(BRIEF) Images are not wanted; transcribe the rest of the listing exactly.

[Opening SOURCE DATA section]

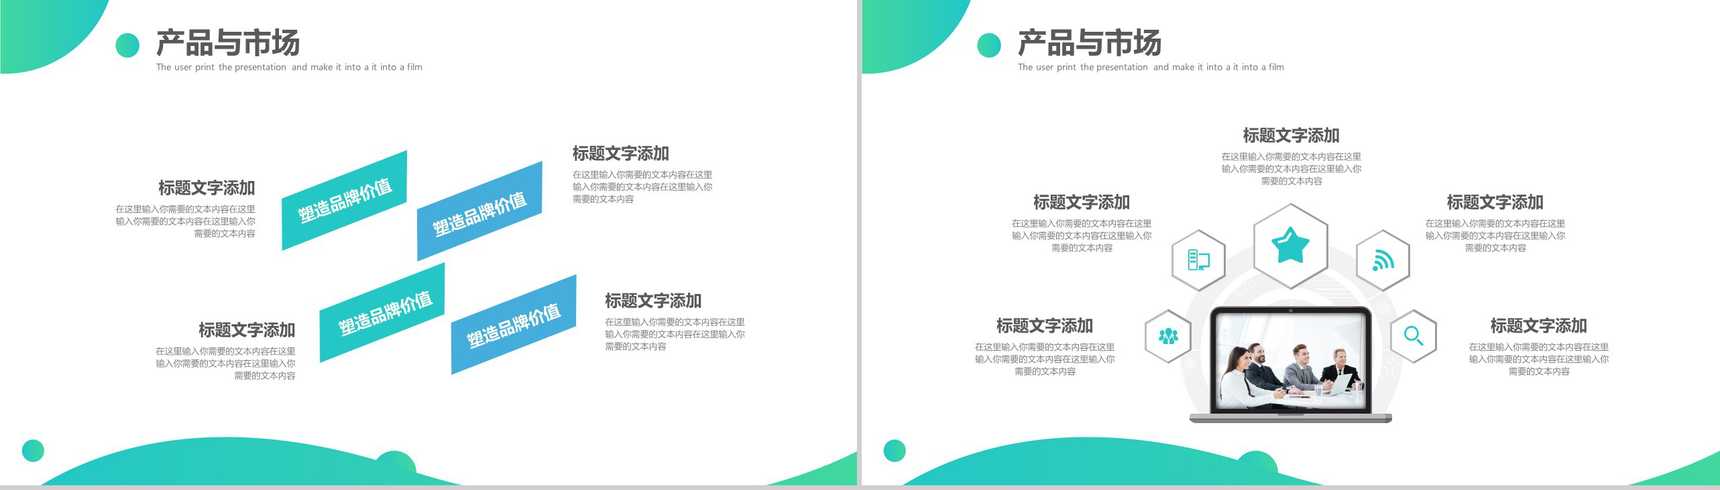 清新绿色简约风格企业文化管理理念宣传活动产品介绍PPT模板-8
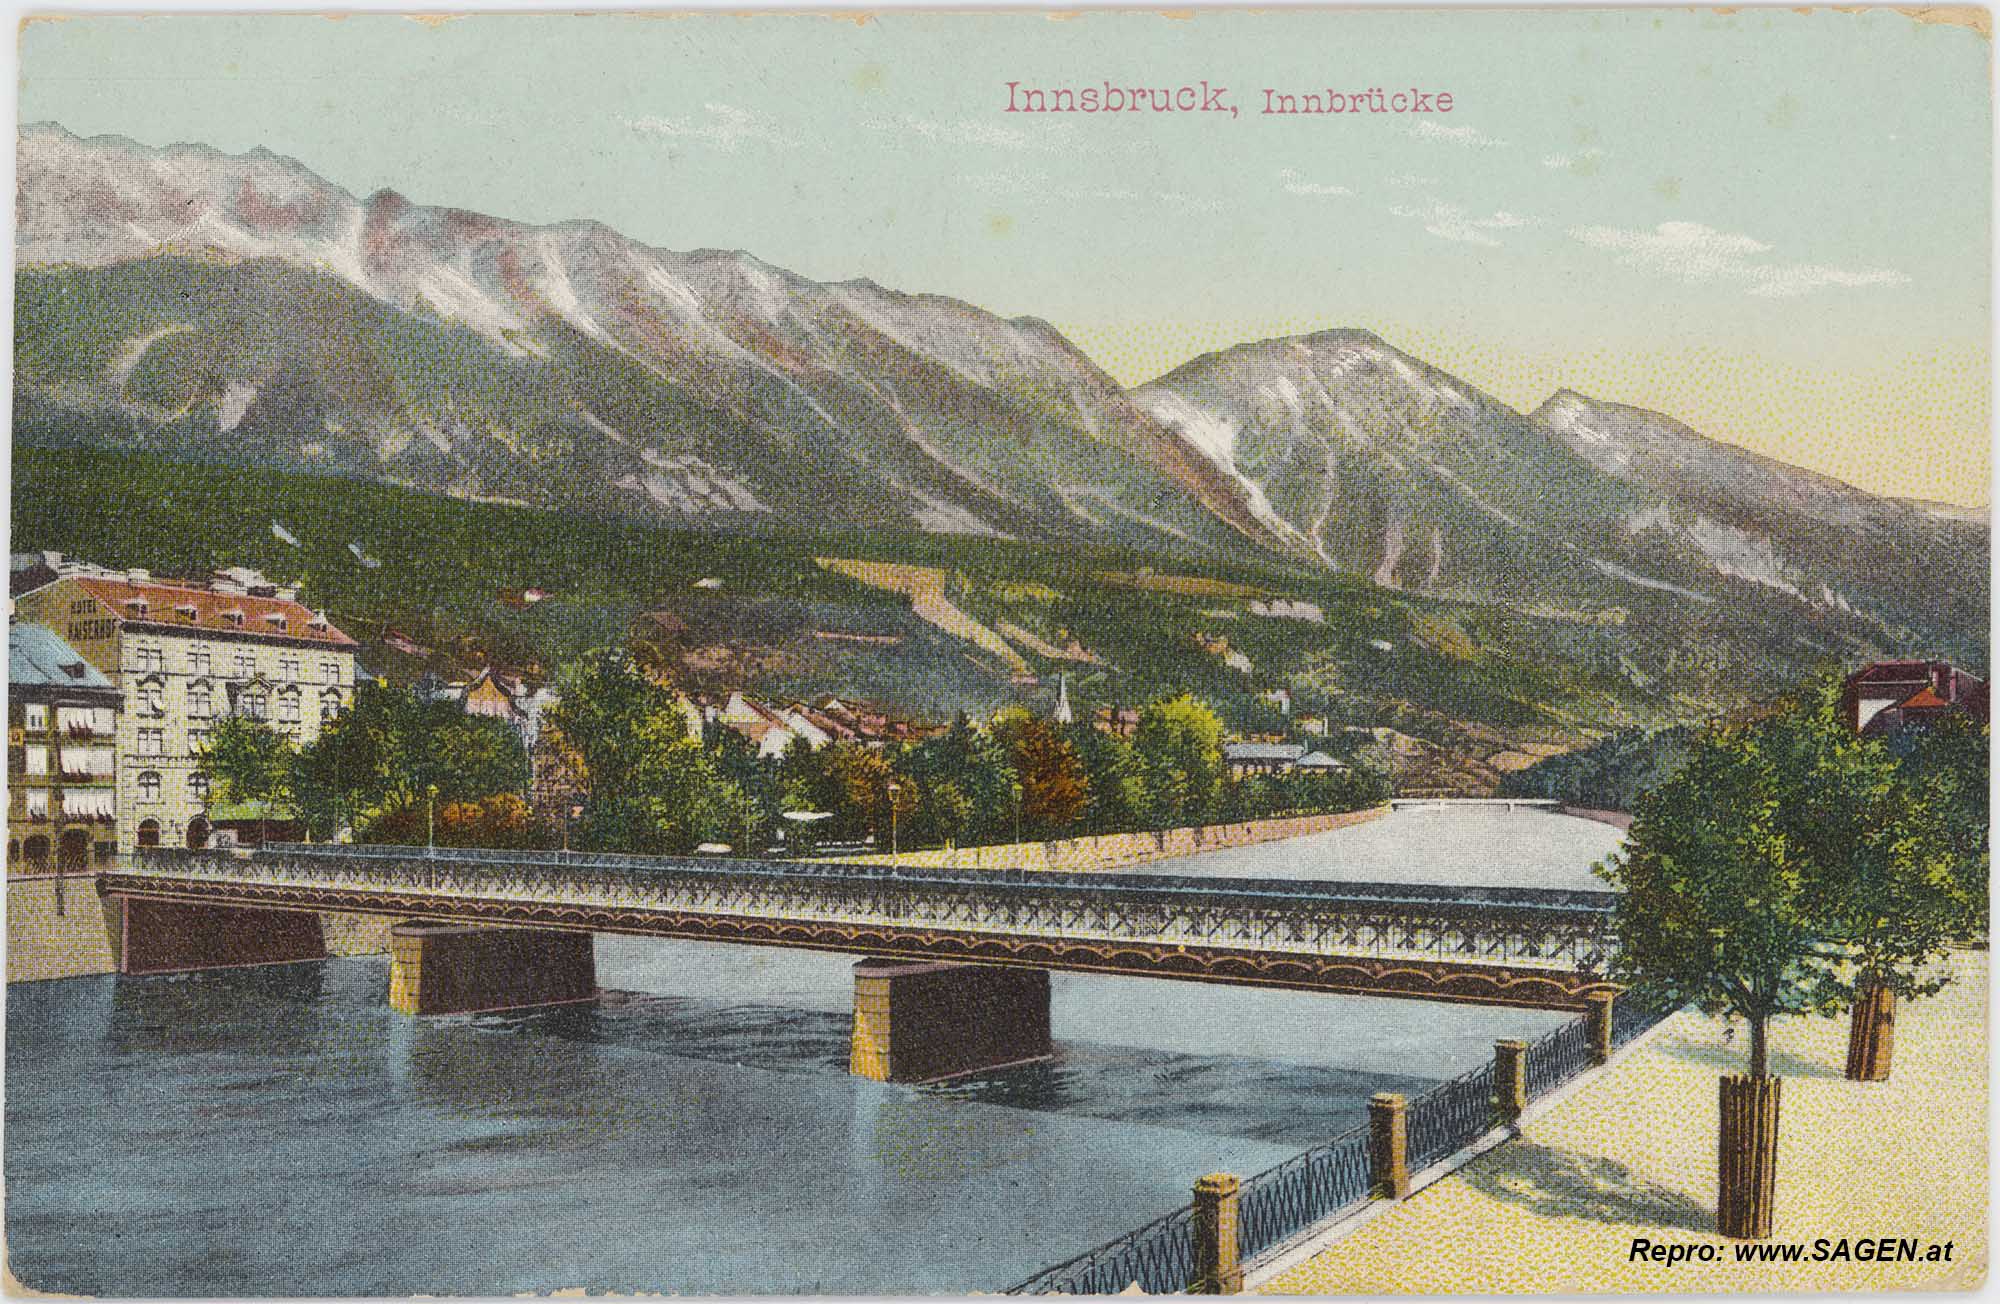 Innsbruck, Innbrücke
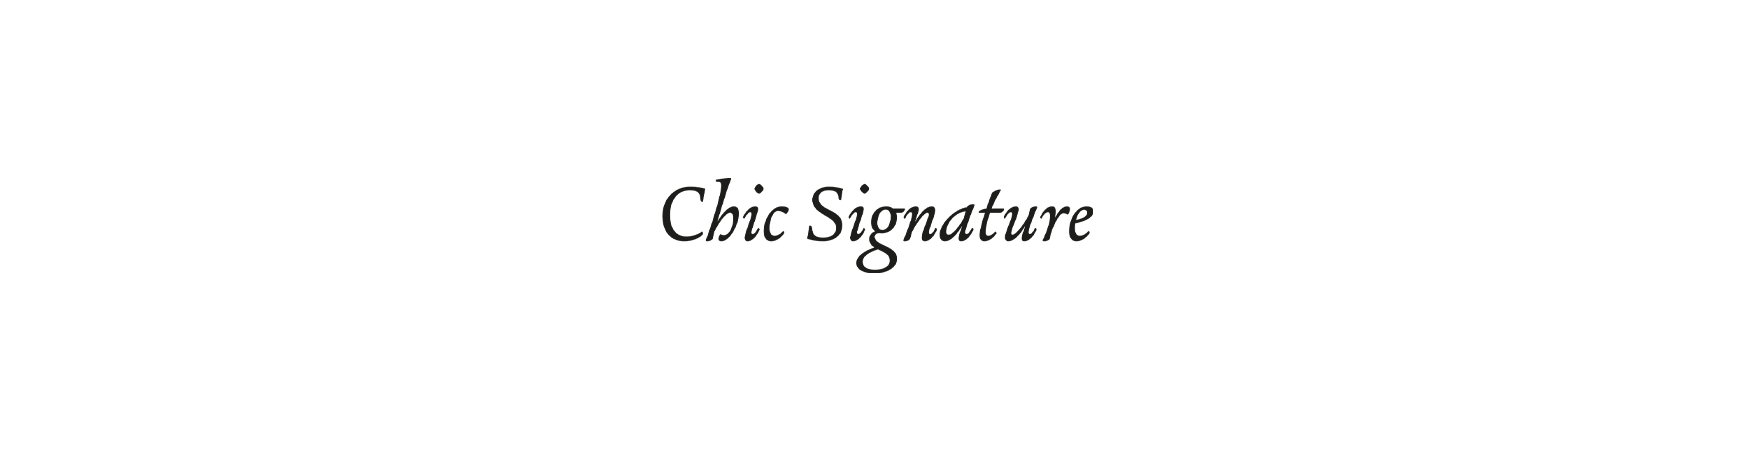 Chic Signature

[Closing SOURCE DATA section]

(TASK RESPONSE)
 清新绿色简约风格企业文化管理理念宣传活动产品介绍PPT模板-8
 Innsbruck, Innbrücke
 Chic Signature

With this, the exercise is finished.